The B.C. NDP rolled out its full platform on Wednesday, promising $2-billion in new programs paid for through tax hikes and money reallocated from existing Liberal programs.
The blueprint underscores the competing visions between the two leading parties. The NDP would invest in anti-poverty measures and skills-training programs, ahead of balancing the budget; the Liberals, by contrast, have campaigned on a fiscally conservative platform that puts spending restraint as its highest priority.
After a week of incremental policy announcements, the 55-page document gives British Columbians a final picture of what an NDP government would offer.
With the B.C. legislature as his backdrop, NDP Leader Adrian Dix said the platform was fiscally responsible as he outlined his vision for the province. "Everything is accounted for," Mr. Dix said. "Our spending commitments are in balance with our revenue measures, so our platform will not add a penny to the Liberal deficit."
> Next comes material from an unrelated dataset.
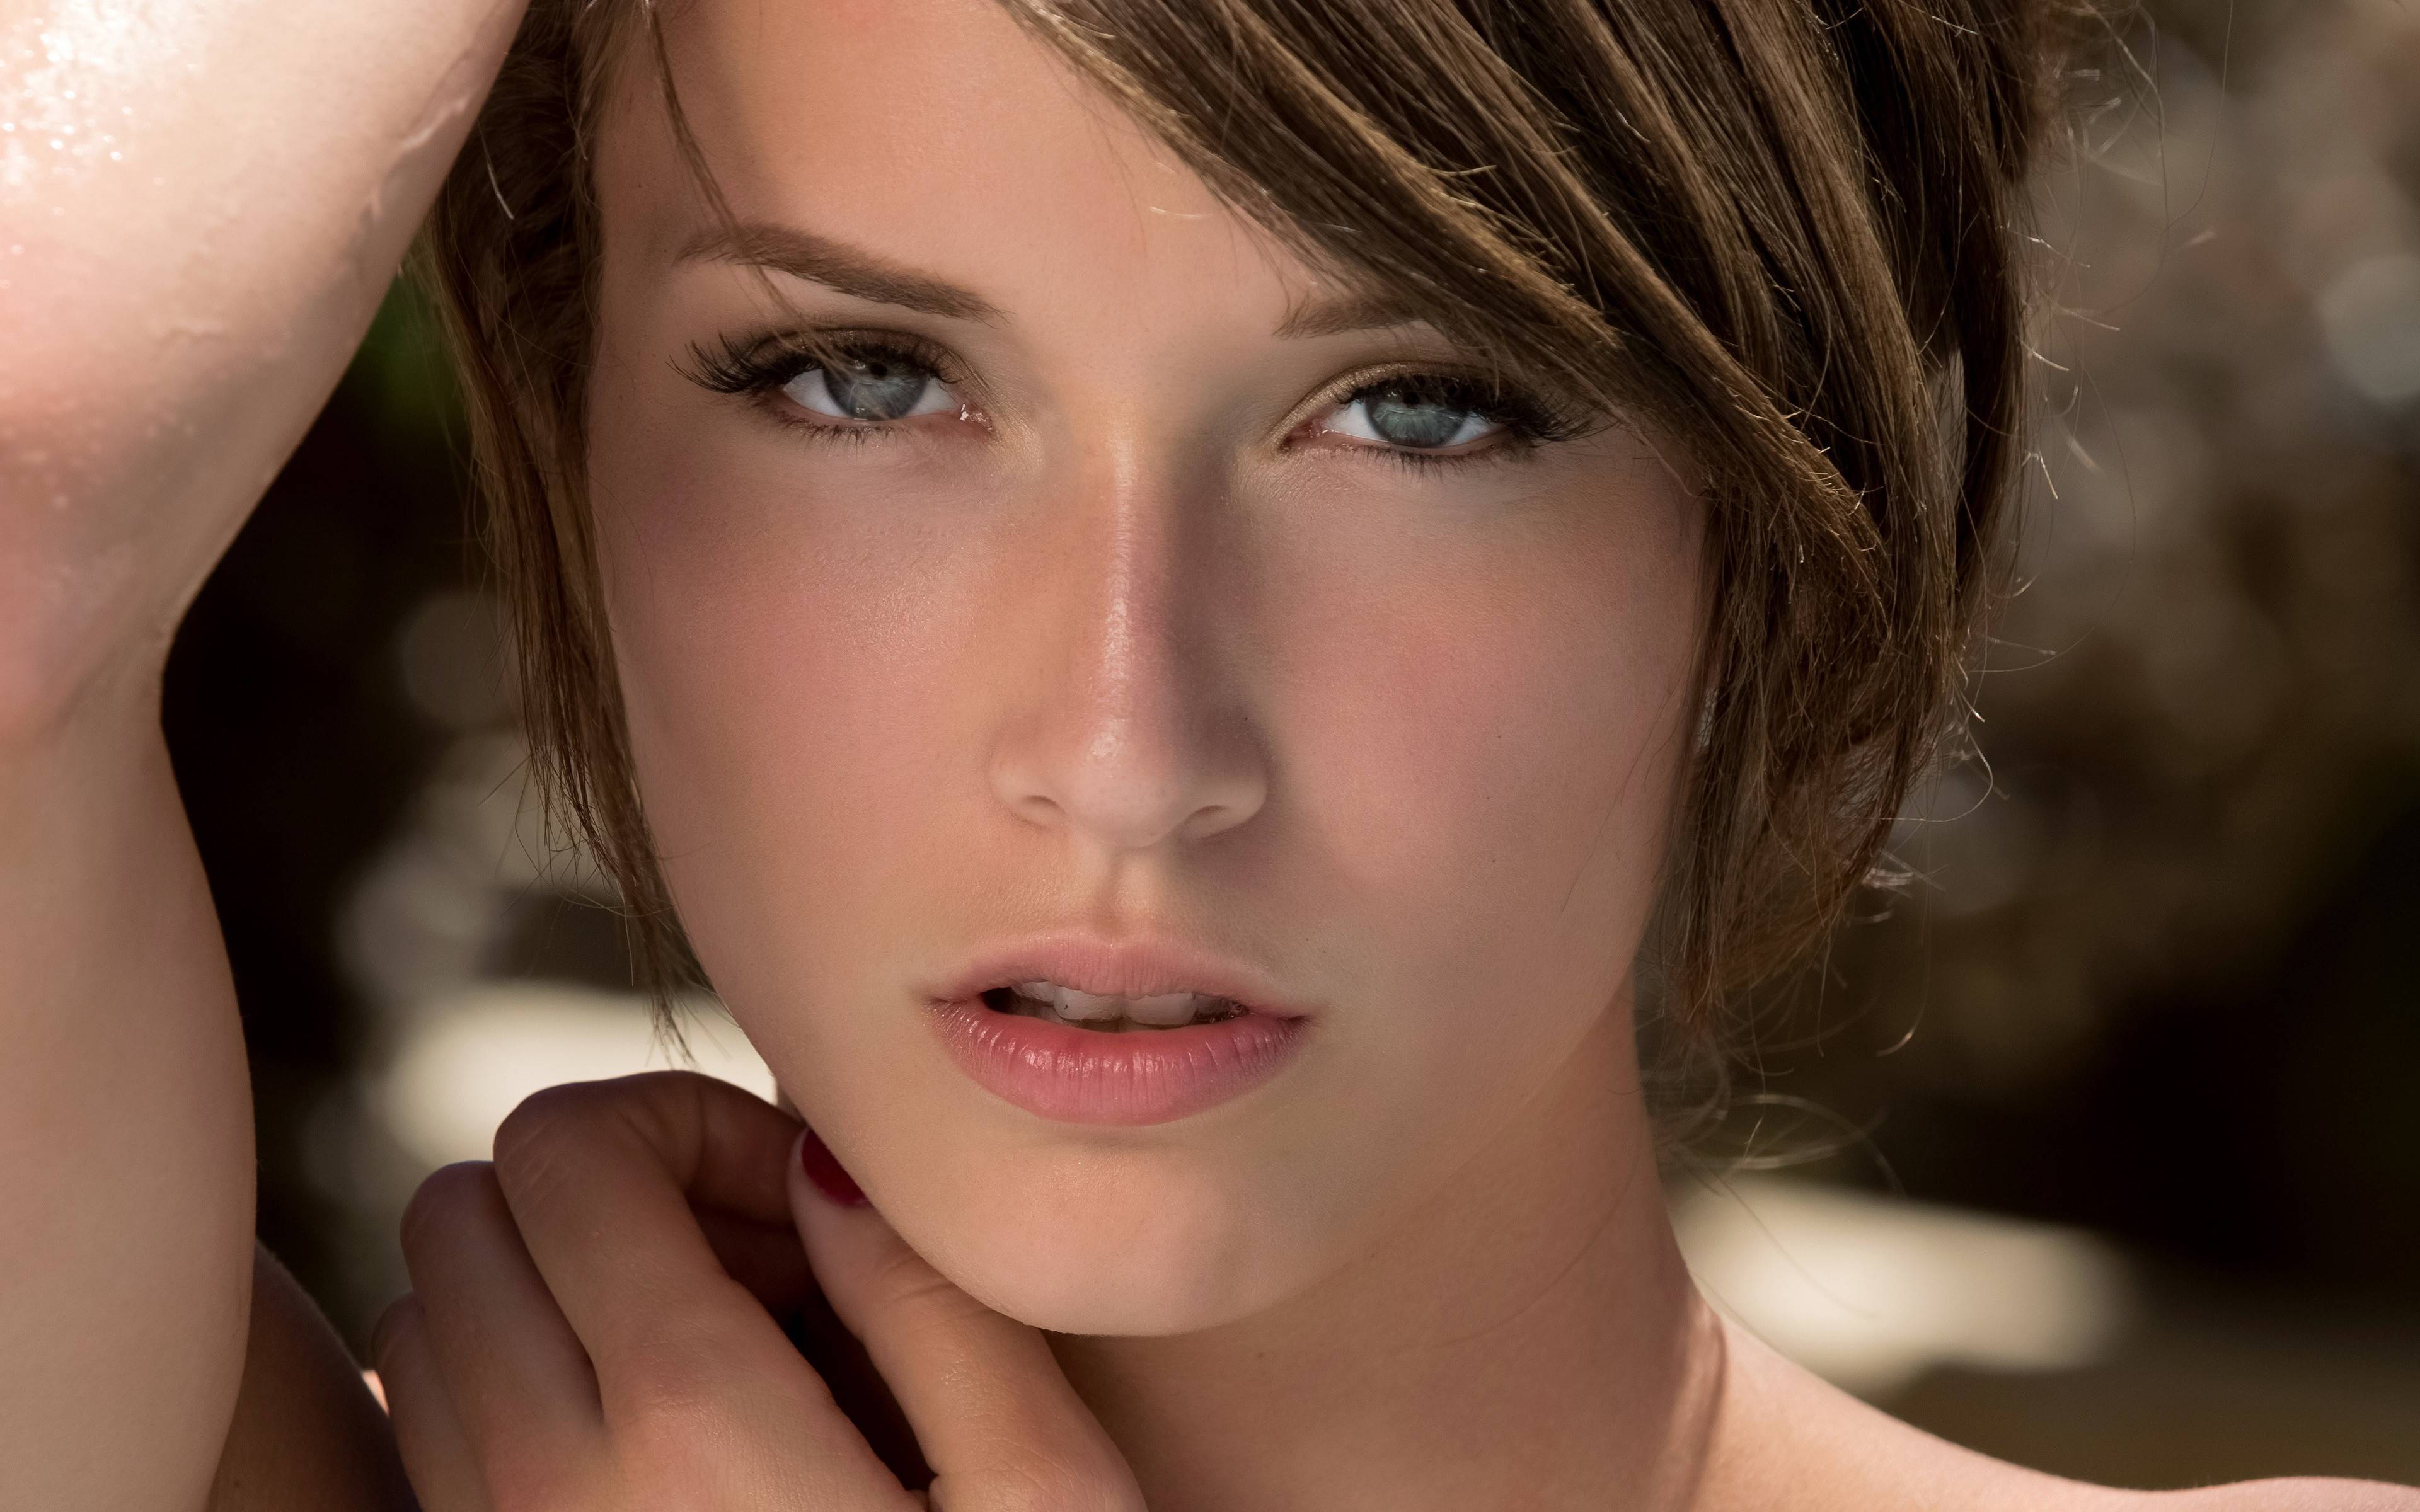 Malena Morgan Hot HD Models. Model

The NDP previously announced it would increase the corporate income tax from 11 per cent to 12 per cent and reinstate a 3-per-cent tax on banks and a 1-per-cent tax on financial institutions with headquarters in B.C., including credit unions. Individuals, under the NDP plan, would be taxed 19 per cent on annual income above $150,000, a 2.2-per-cent increase from what the Liberals proposed in their budget.
But the party says it won't be able to balance the provincial budget for several years, and Mr. Dix offered no firm commitment to getting into the black in the fourth year of an NDP government.
The Liberals say Mr. Dix has now committed to more than $3-billion in spending, while the NDP contends the Liberal's own budget plan is $2-billion higher than stated over the next three years. The current budget for the 2013-14 fiscal year is projected to be $44-billion.
Liberal candidate Mike de Jong, finance minister in the Premier Christy Clark's government, dismissed the NDP platform as a reckless, vague agenda without specifics, such as ministry spending.
"We're going to have to retool the NDP spend-o-meter at the rate Mr. Dix and the NDP are going," he told reporters in Vancouver. The spend-o-meter is a billboard the Liberals put up in Delta to keep a running tally of what the NDP's campaign pledges would cost.
"This isn't a platform," Mr. de Jong said. "This is a weekend with the Kardashians. Spend, spend, spend."
New NDP spending would include investments in legal aid to take pressure off the courts by expanding the use of duty counsels, dispute resolution services for families, poverty law services and aboriginal services. The NDP would also increase support for Aboriginal Friendship Centres and would create a ministry of women's equality, meant to promote social and economic equality. These programs, including a $60 to $70 increase in allowances to families with low and moderate incomes, are part of a $600-million, three-year strategy the NDP calls "Reducing Poverty and Inequality."
Mr. Dix said he hopes to achieve a balanced budget by the fourth year of an NDP mandate, but suggested that this will depend on the outcome of a review of the books of key Crown corporation, BC Hydro.
"We're inheriting a very difficult financial situation," he said. "There are a lot of question marks. The government has mismanaged BC Hydro … Our intention is to manage and to ensure we reach those targets in the fourth year but it's going to be of course a major challenge. That is what we will be tested on and that is what we intend to do."
Last year, the Liberal government capped rate increases for BC Hydro's ratepayers, leaving the Crown utility with billions of dollars of debt piling up in so-called deferral accounts. While the government takes dividends from BC Hydro profits, the auditor-general has called the deferral accounts a smokescreen that creates the illusion of profit when there is none.
The NDP has promised a review of BC Hydro's books, but the platform does not provide any plan for addressing the fiscal challenge at the Crown corporation. Mr. Dix said it is the biggest shadow over any financial plan for the province's future.
"It's a significant problem at BC Hydro, that's why we have presented here the smallest platform we've seen in a number of elections," he told reporters.